> [Task brief]:
An exact reproduction of the data below is expected, free of images.

──────── Data section ────────

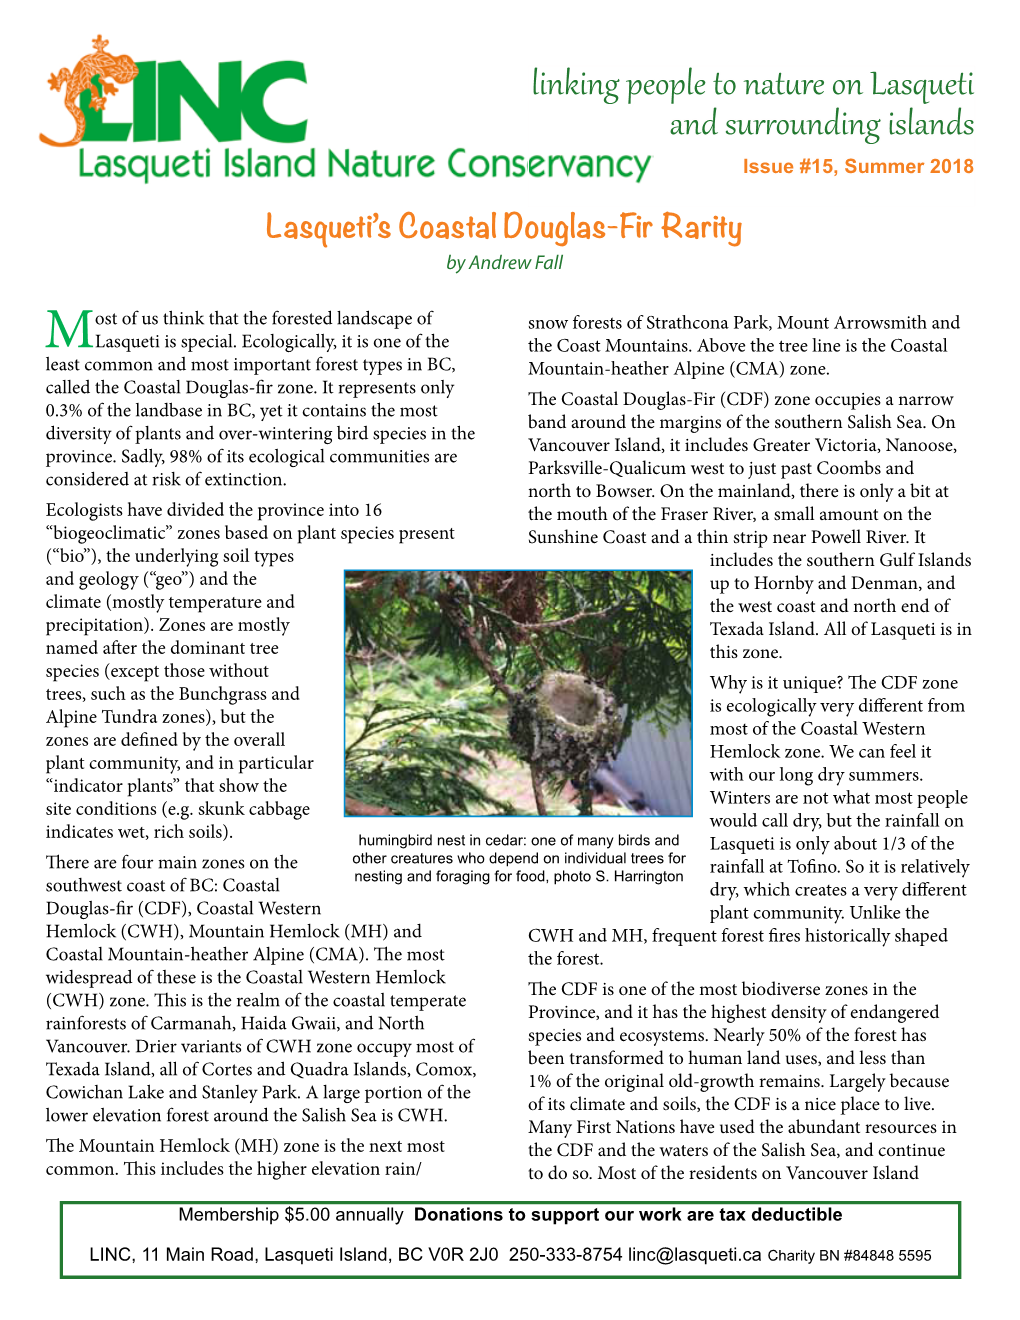 Linking People to Nature on Lasqueti and Surrounding Islands Issue #15, Summer 2018
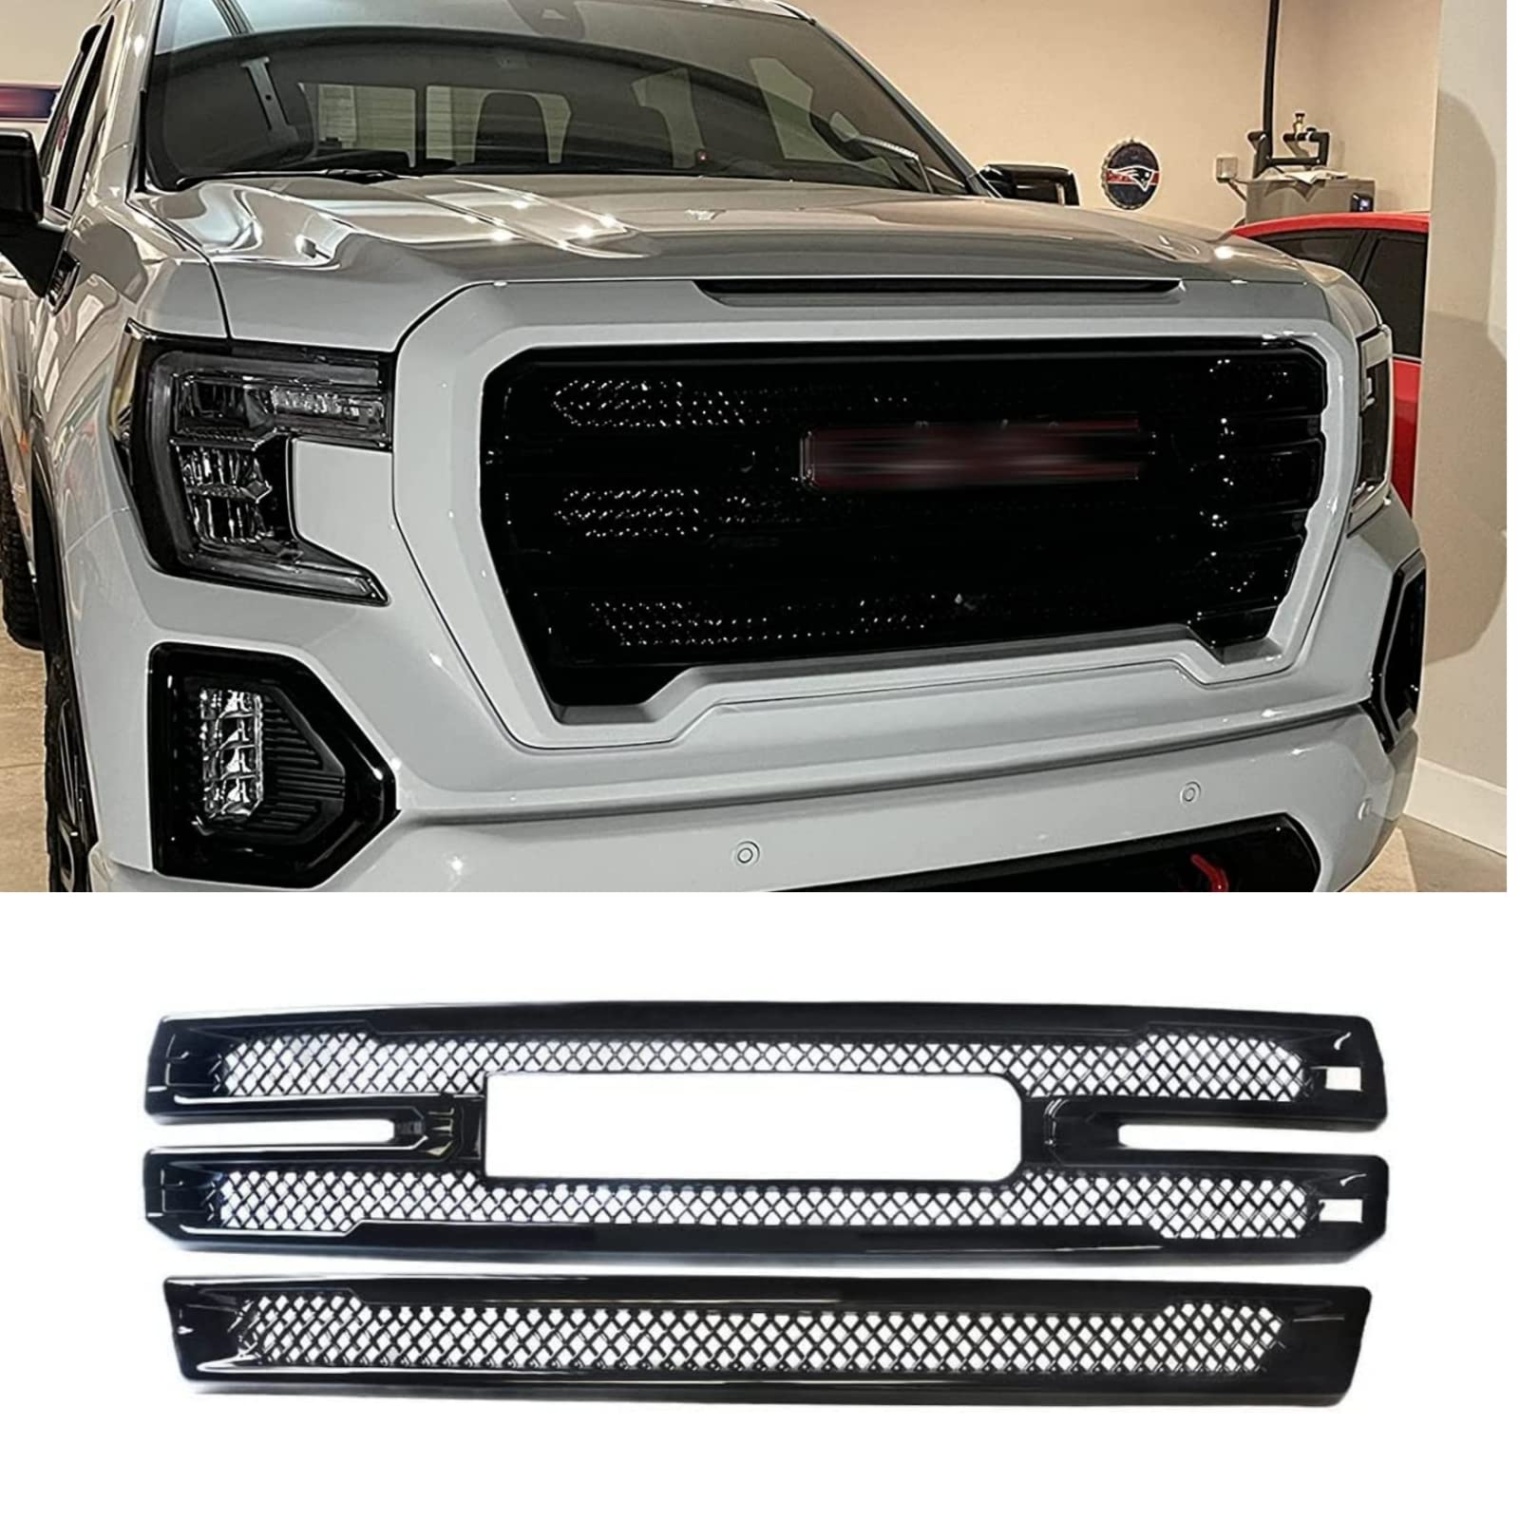 2022 gmc sierra 1500 accessories Bulan 1 Grill Fit For - GMC Sierra  SLT AT Front Grille Cover Front  Bumper ABS Painted Overlay Trim Kit Sierra Accessories Exterior Gloss Black
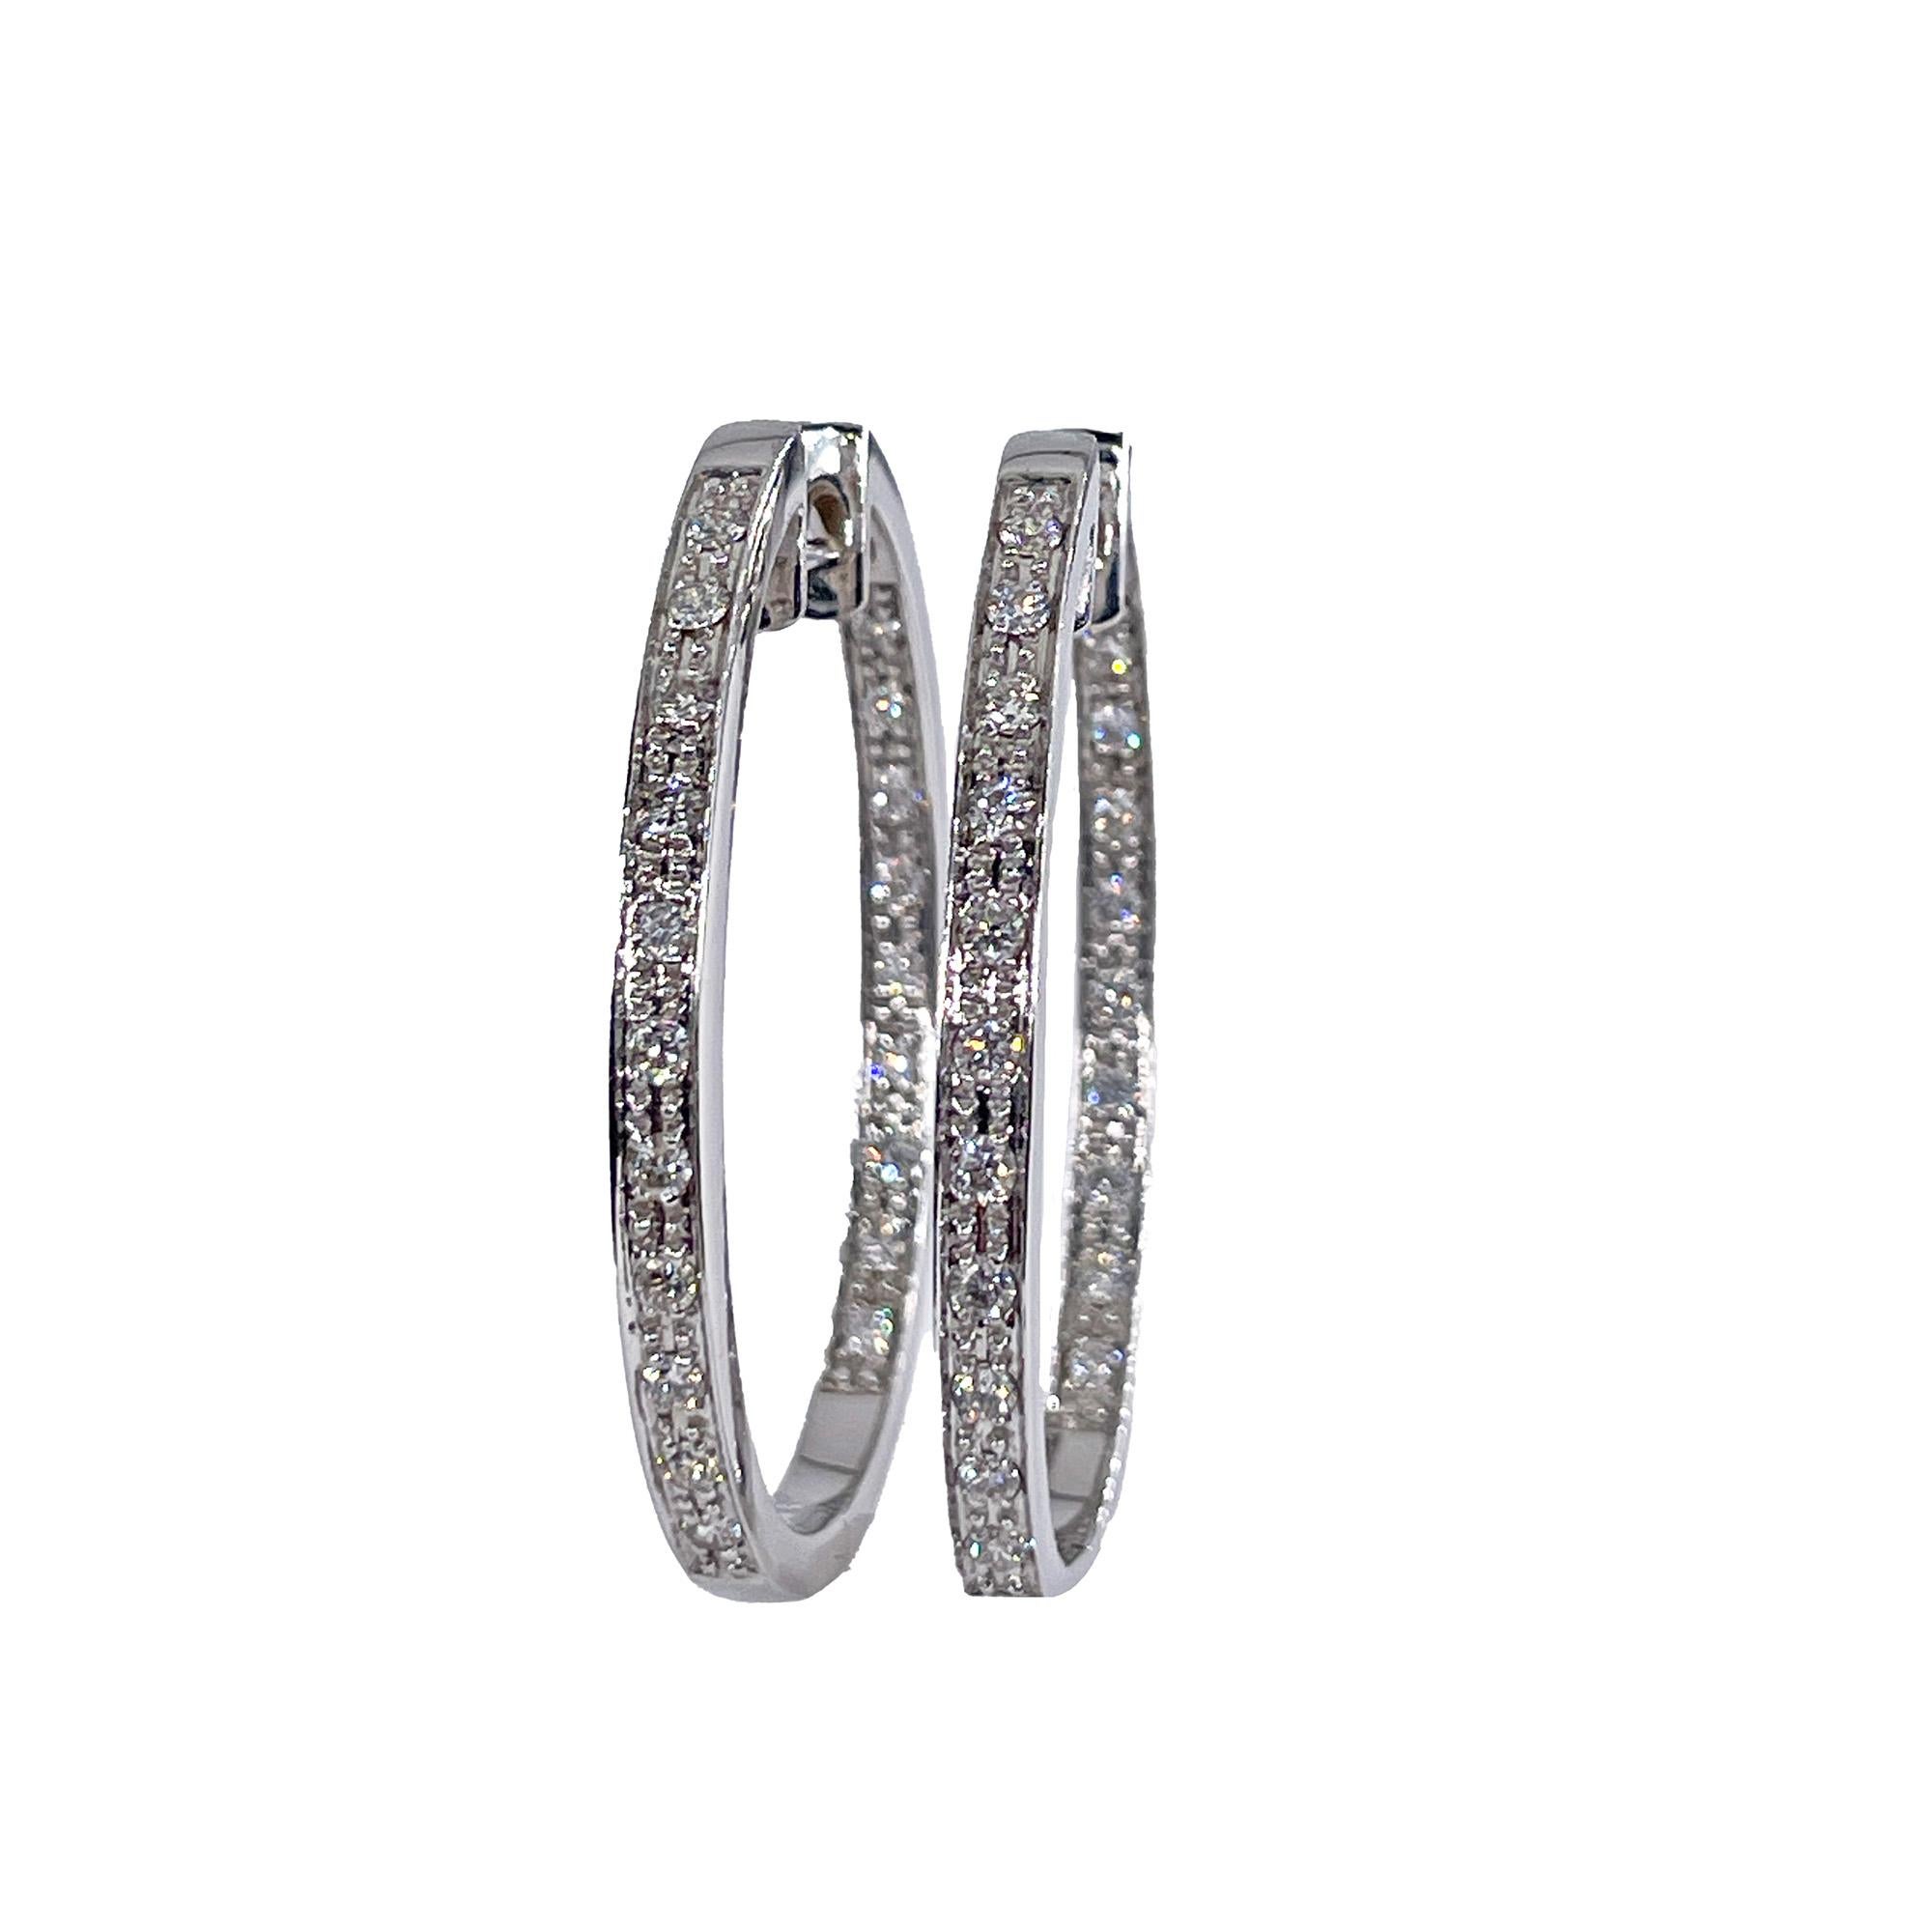 Sonia B. Bitton 1.1ctw Diamond Hoop Earrings Inside Out Oval 14k White Gold 

This great pair will make the perfect gift: 14k white gold Sonia B. 1.1ctw elongated oval inside-out diamond hoop earrings. Sonia B Designs is a luxury fine jewelry

────────

> [Result]:
 Linking People to Nature on Lasqueti and Surrounding Islands Issue #15, Summer 2018
 2022 gmc sierra 1500 accessories Bulan 1 Grill Fit For - GMC Sierra  SLT AT Front Grille Cover Front  Bumper ABS Painted Overlay Trim Kit Sierra Accessories Exterior Gloss Black
 Sonia B. Bitton 1.1ctw Diamond Hoop Earrings Inside Out Oval 14k White Gold 

This great pair will make the perfect gift: 14k white gold Sonia B. 1.1ctw elongated oval inside-out diamond hoop earrings. Sonia B Designs is a luxury fine jewelry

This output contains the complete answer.